Although some of these situations are way out of the control of both the FHC community and the individuals within it, Pierce believes that there are steps that can be taken to contribute to a more positive state-of-mind.

“Keep a journal of things that are going on,” Pierce stated, “Make a checklist every morning and stick to it. Make sure you go outside for part of the day, whether that is to go for a walk or simply sit on the porch and read. Interact with your sibling; this will not only help you but will help your sibling, especially if they are younger than you and more than likely look up to you. Get a puzzle out. Email a teacher to just check-in. We have to try and keep our minds occupied a little bit, especially if we are someone who already struggles with things [such as] anxiety and depression.”

Still, according to Pierce, it is a joint effort from both sides of the screen that will make all the difference. If COVID-19 were to shut down the school again, FHC students, parents, and staff need to work together to ensure this pandemic’s best possible outcome.

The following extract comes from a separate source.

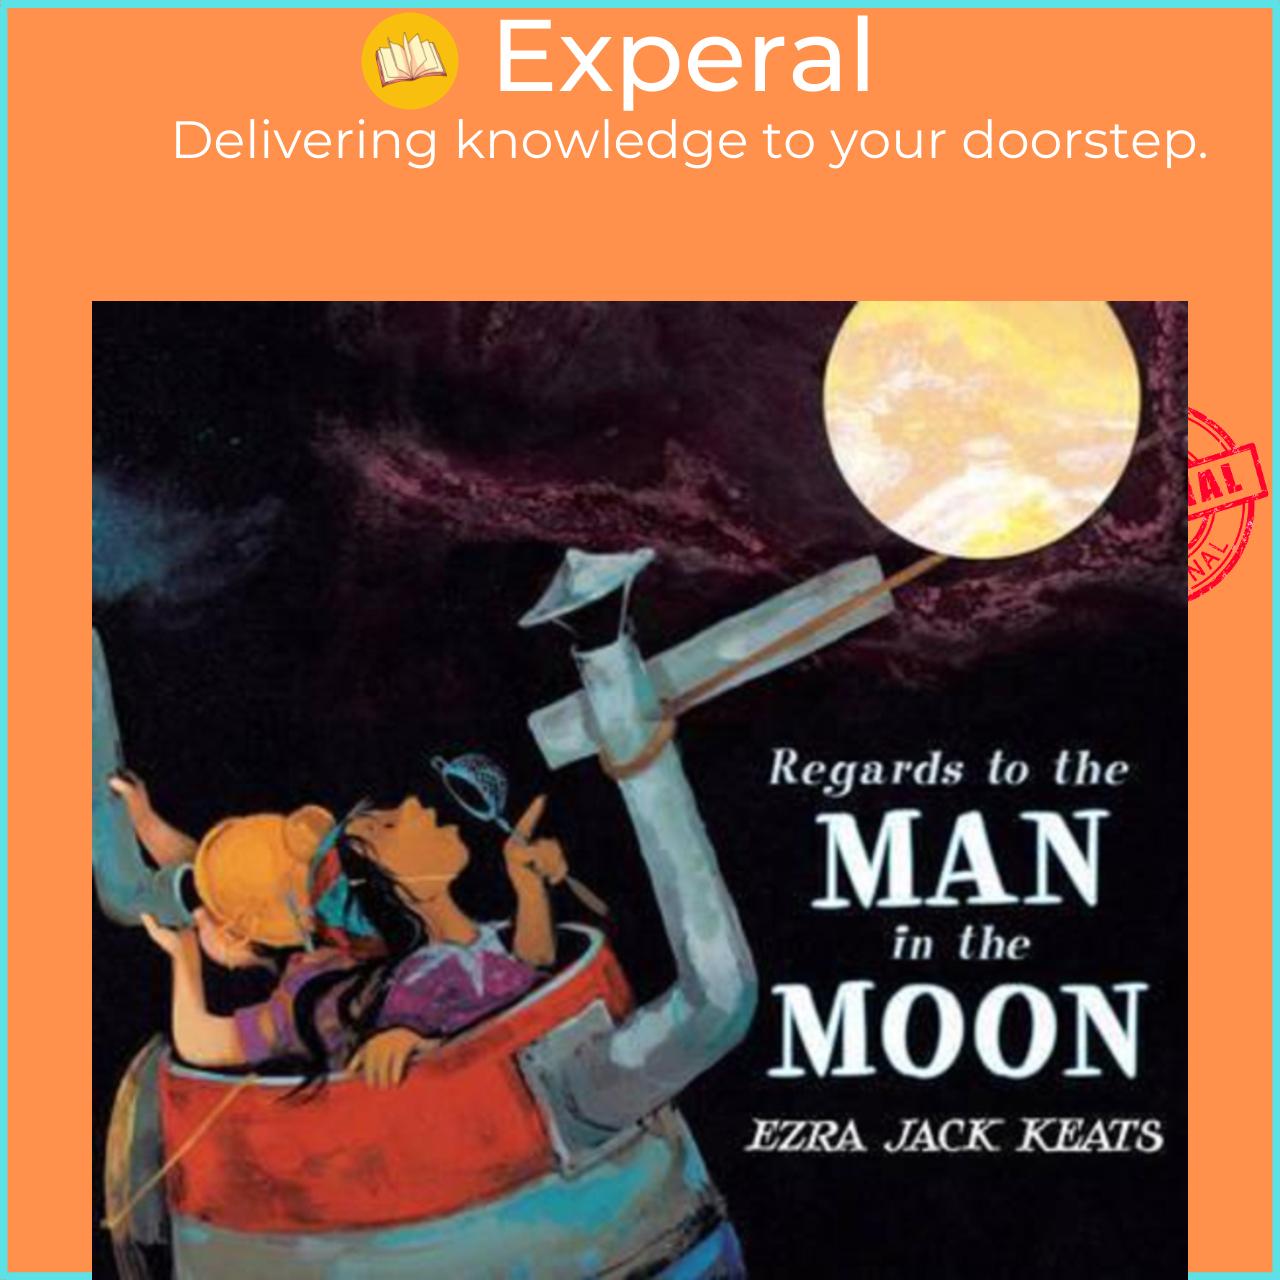 Sách - Regards to the Man in the Moon by Ezra Jack Keats (US edition, hardcover)
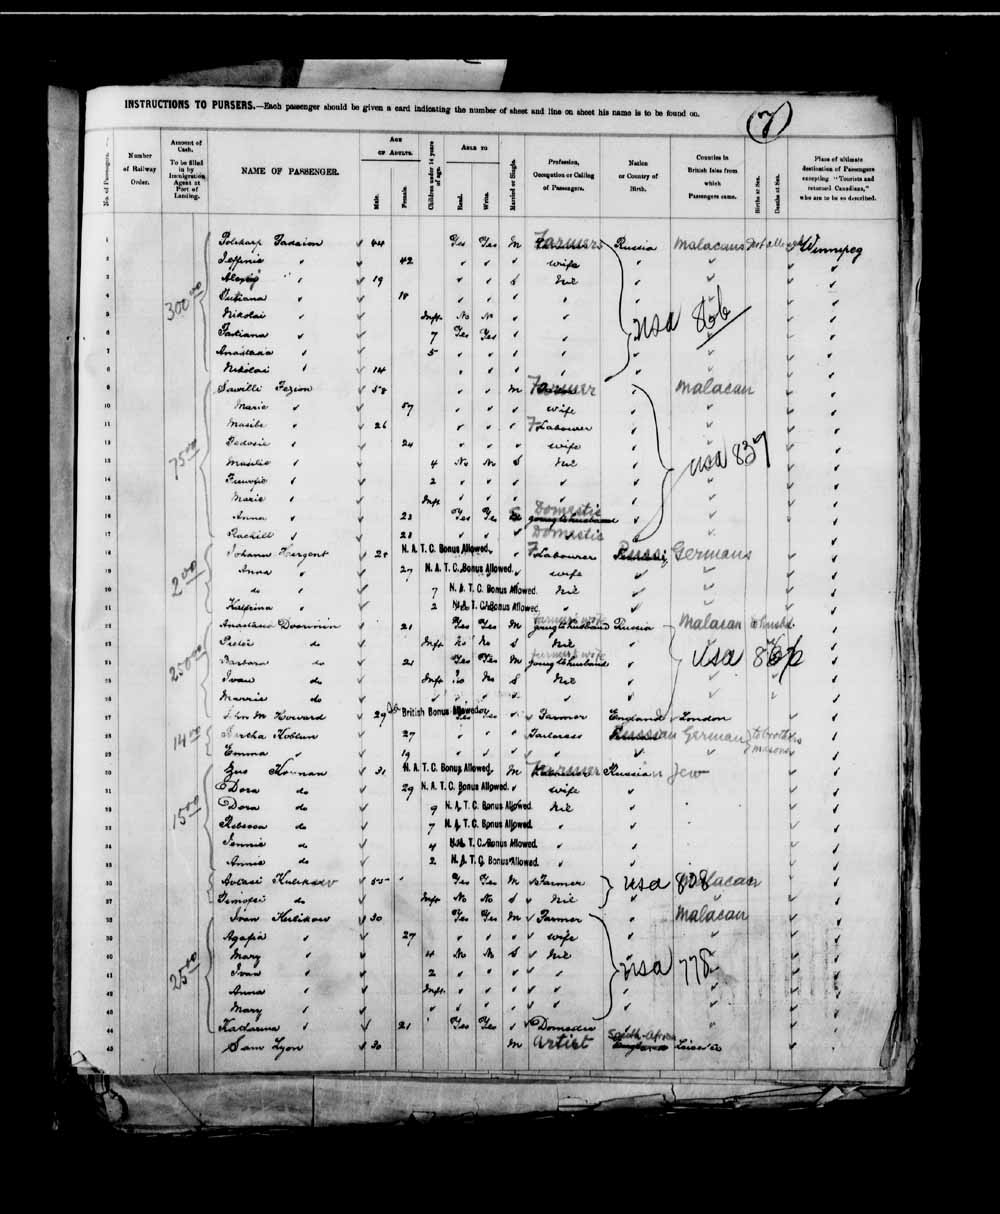 Digitized page of Passenger Lists for Image No.: e003658077

“If we go back to quarantine,” Pierce said, “I think students at FHC are very lucky to have teachers that care about them tremendously, that understand there is a curriculum to be taught, but also a human on the other side who could be struggling with something in their lives Students need to communicate more, and parents need to be more involved when there is quarantine happening—it is always a team effort to make sure the world continues to go around.”